Magnificent singing and many airmiles later

“Highlights: magnificent singing,” he jotted down after his first divine service in Africa on 11 April. Some 7,200 brothers and sisters had gathered in an ice rink in Johannesburg for this first service by a Chief Apostle on African soil. Another 2,700 had assembled in adjoining rooms. During the divine services that followed, brothers and sisters often sat on the floor because the brothers could not manage to cart enough chairs by for everyone.

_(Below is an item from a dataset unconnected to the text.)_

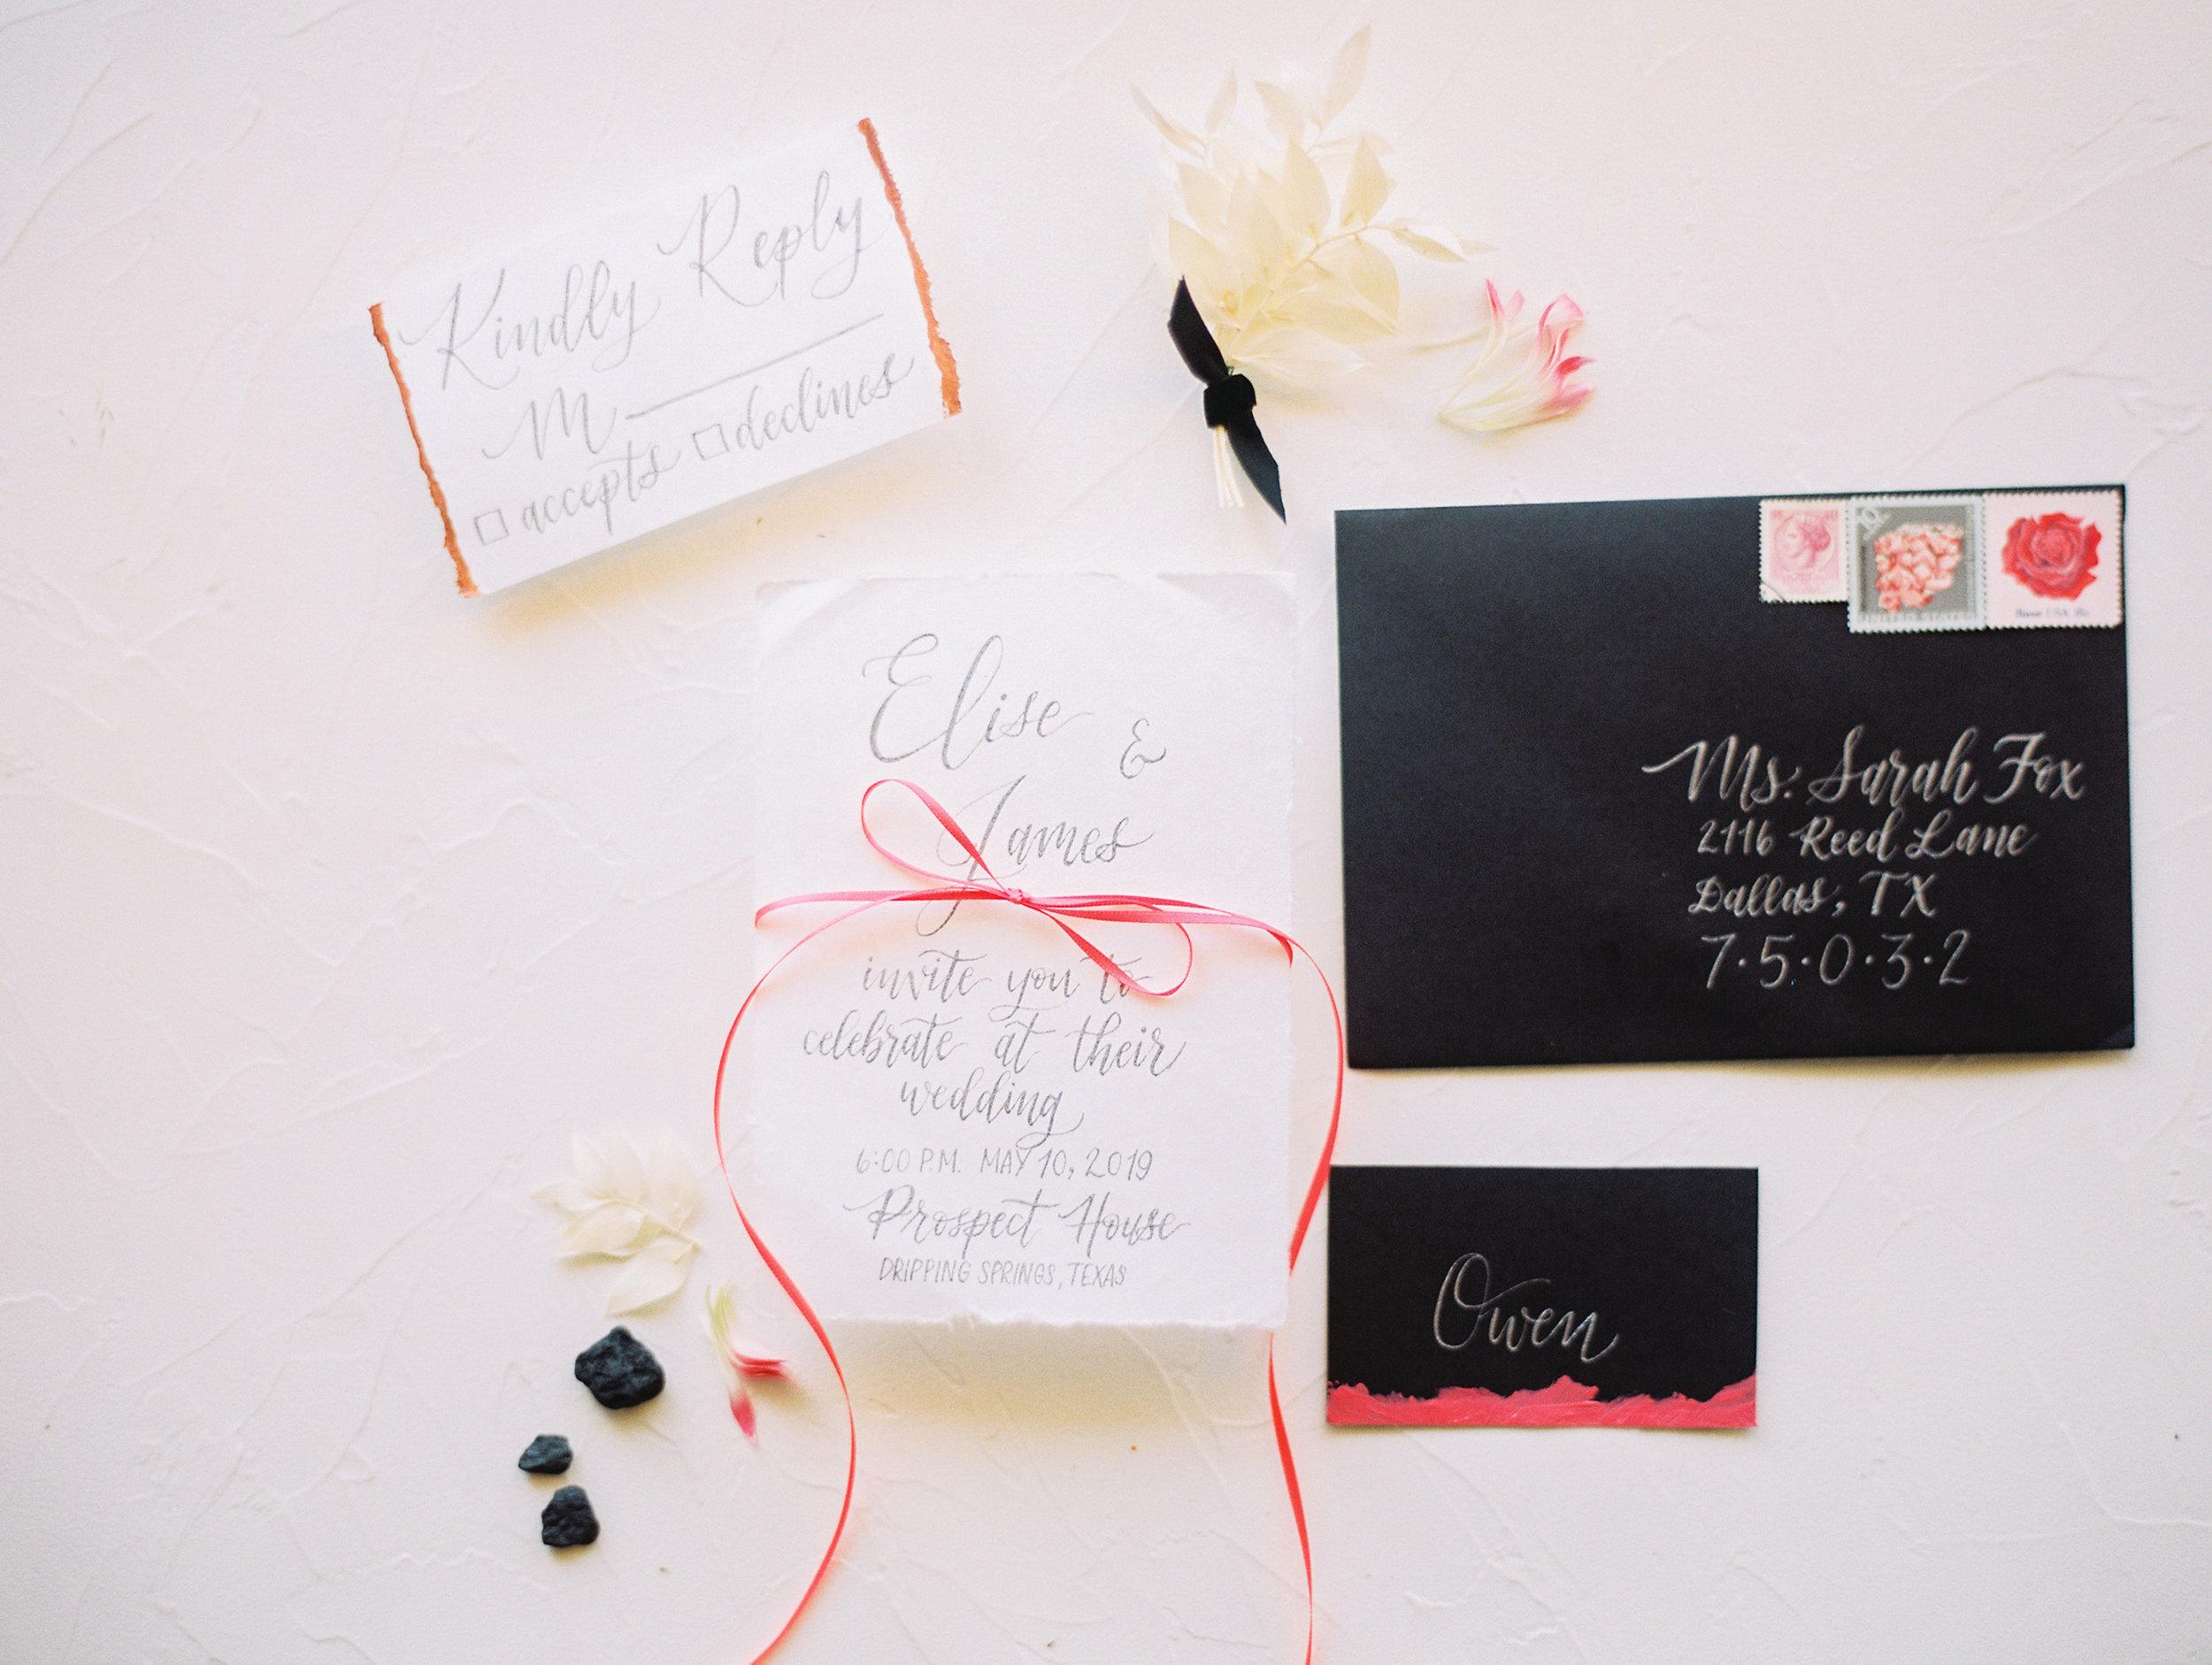 Kristin-La-Voie-Photography-Austin-Wedding-Photographer-Prospect-House-149.jpg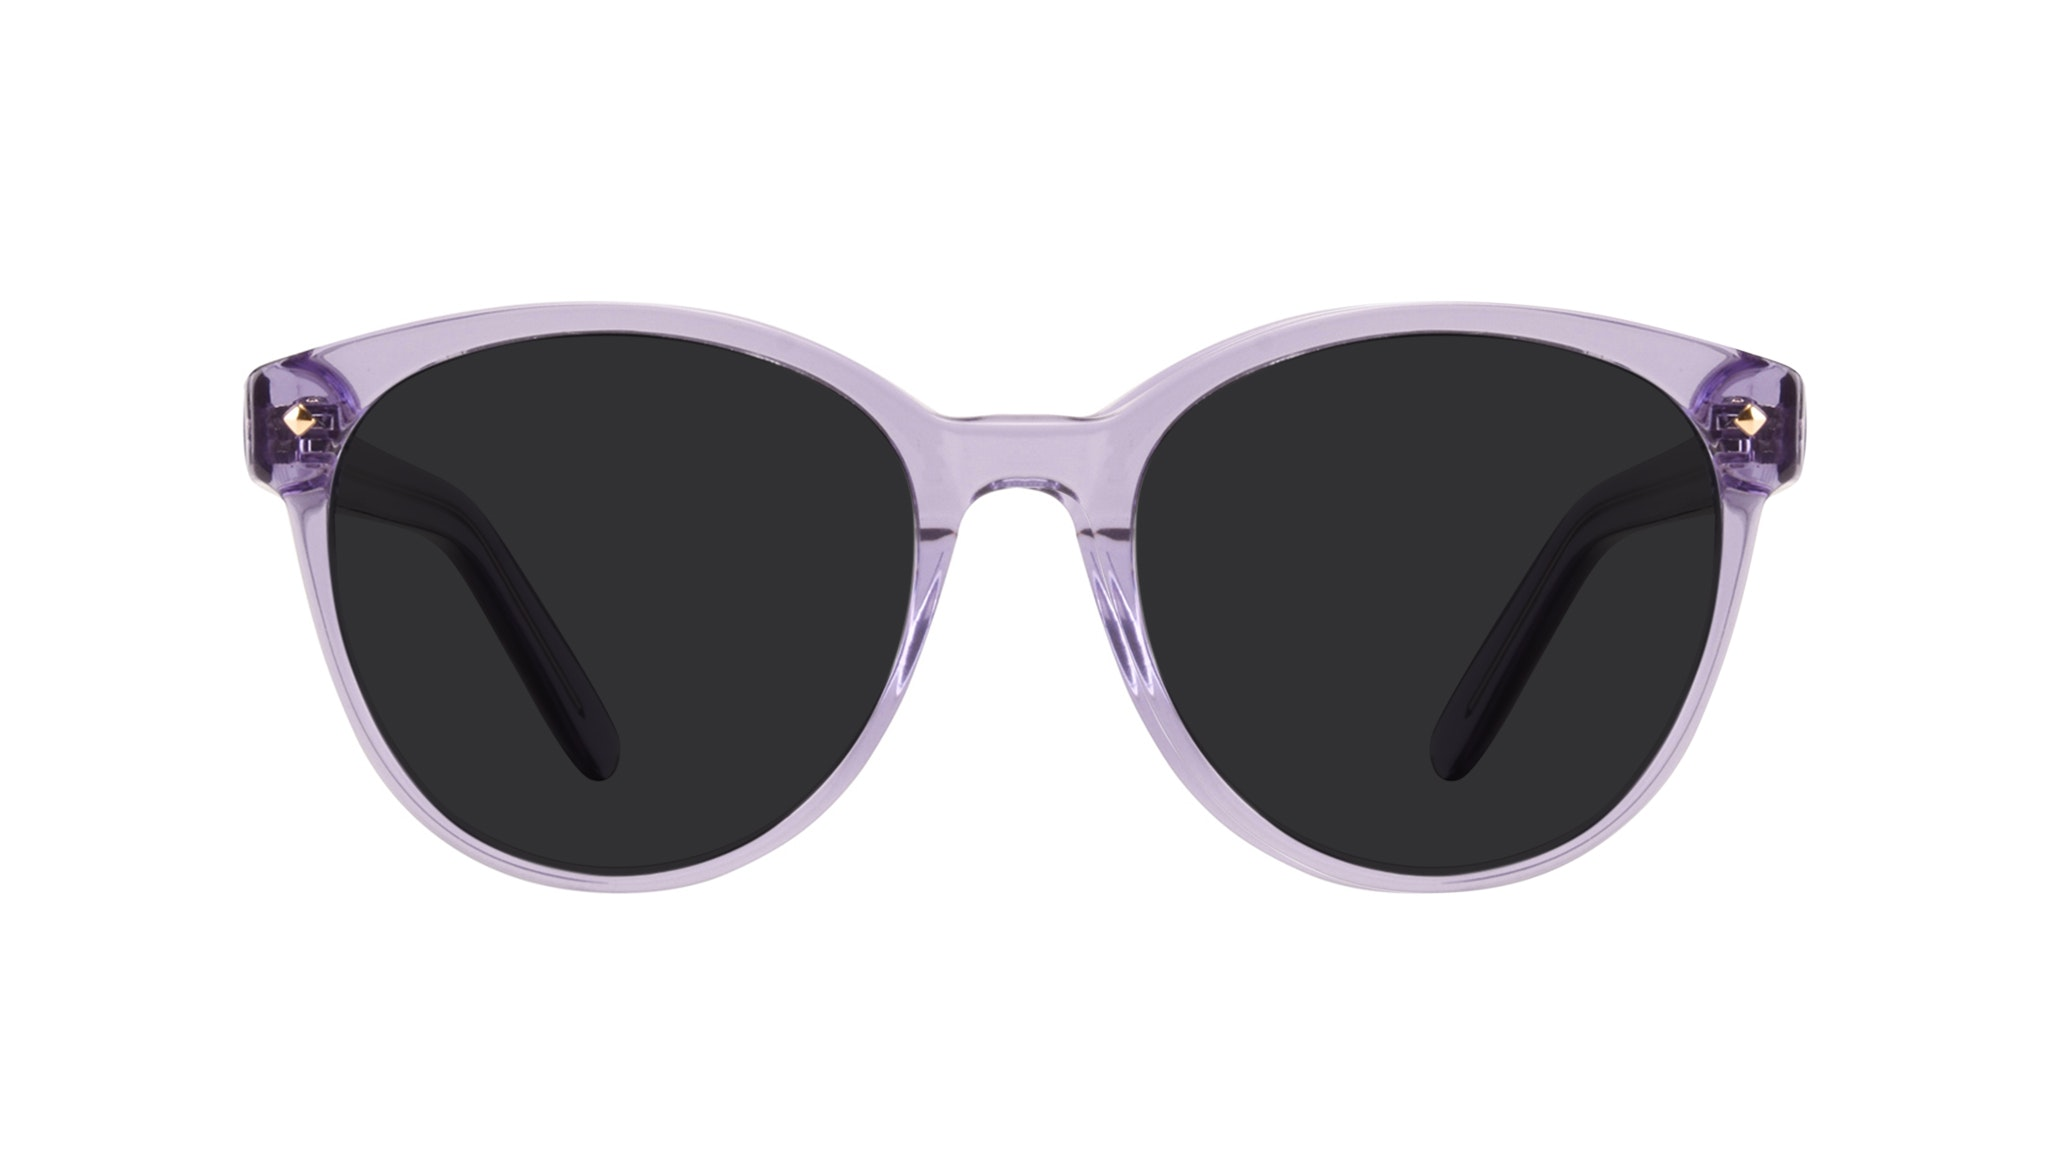 Affordable Fashion Glasses Round Sunglasses Women Eclipse Lavender

“Port Elizabeth has five congregations with 3,188 members!” Chief Apostle Schmidt noted in his diary when he arrived in Port Elizabeth on 13 April. A day later, after the divine service, he wrote, “Many of the members had to drive 250 miles.” During his round-trip through South Africa, as well as to Zambia and Zimbabwe (then still Northern and Southern Rhodesia), he served more than 43,000 brothers and sisters and covered a total of 25,000 kilometres by airplane.

Deeply impressed

Many of his entries, like the one on 14 June in Port Elizabeth, come across as clinical and cool, “Special incident: fire in hotel room.” A day later, as he arrived in Cape Town, he jotted down, “Was greeted at the airport by 3,000 to 4,000 brothers and sisters.” His notes on an outing to Table Mountain were as dispassionate, “Ride up Table Mountain, altitude 833 m, length of cable 1,350 m.”

But his journey through southern Africa left a huge impression on Chief Apostle Schmidt. “In South Africa, Rhodesia, and right on into Zambia landscapes unfolded before my eyes the likes of which you cannot see in Europe,” he wrote in an article for a German Church magazine in 1966. And about the people he wrote, “They love their country, their traditions and customs, and maintain their own lifestyle. Despite all poverty and humility they maintain their tribal dignity.”

The same belief and love

Chief Apostle Schmidt was 75 years old when he set out on this trip to Africa. It had been his wish “to serve my African brothers and sisters in person and get a first-hand look at the congregations, the state of their faith, and the living conditions,” it says in his biography. Chief Apostle Schmidt concluded, “At times it felt like I was back in the days of the early Church. There was a true sense: these are my brothers and sisters in Christ. Wherever I served I received confirmation: the same belief, the same love, one heart and one soul.”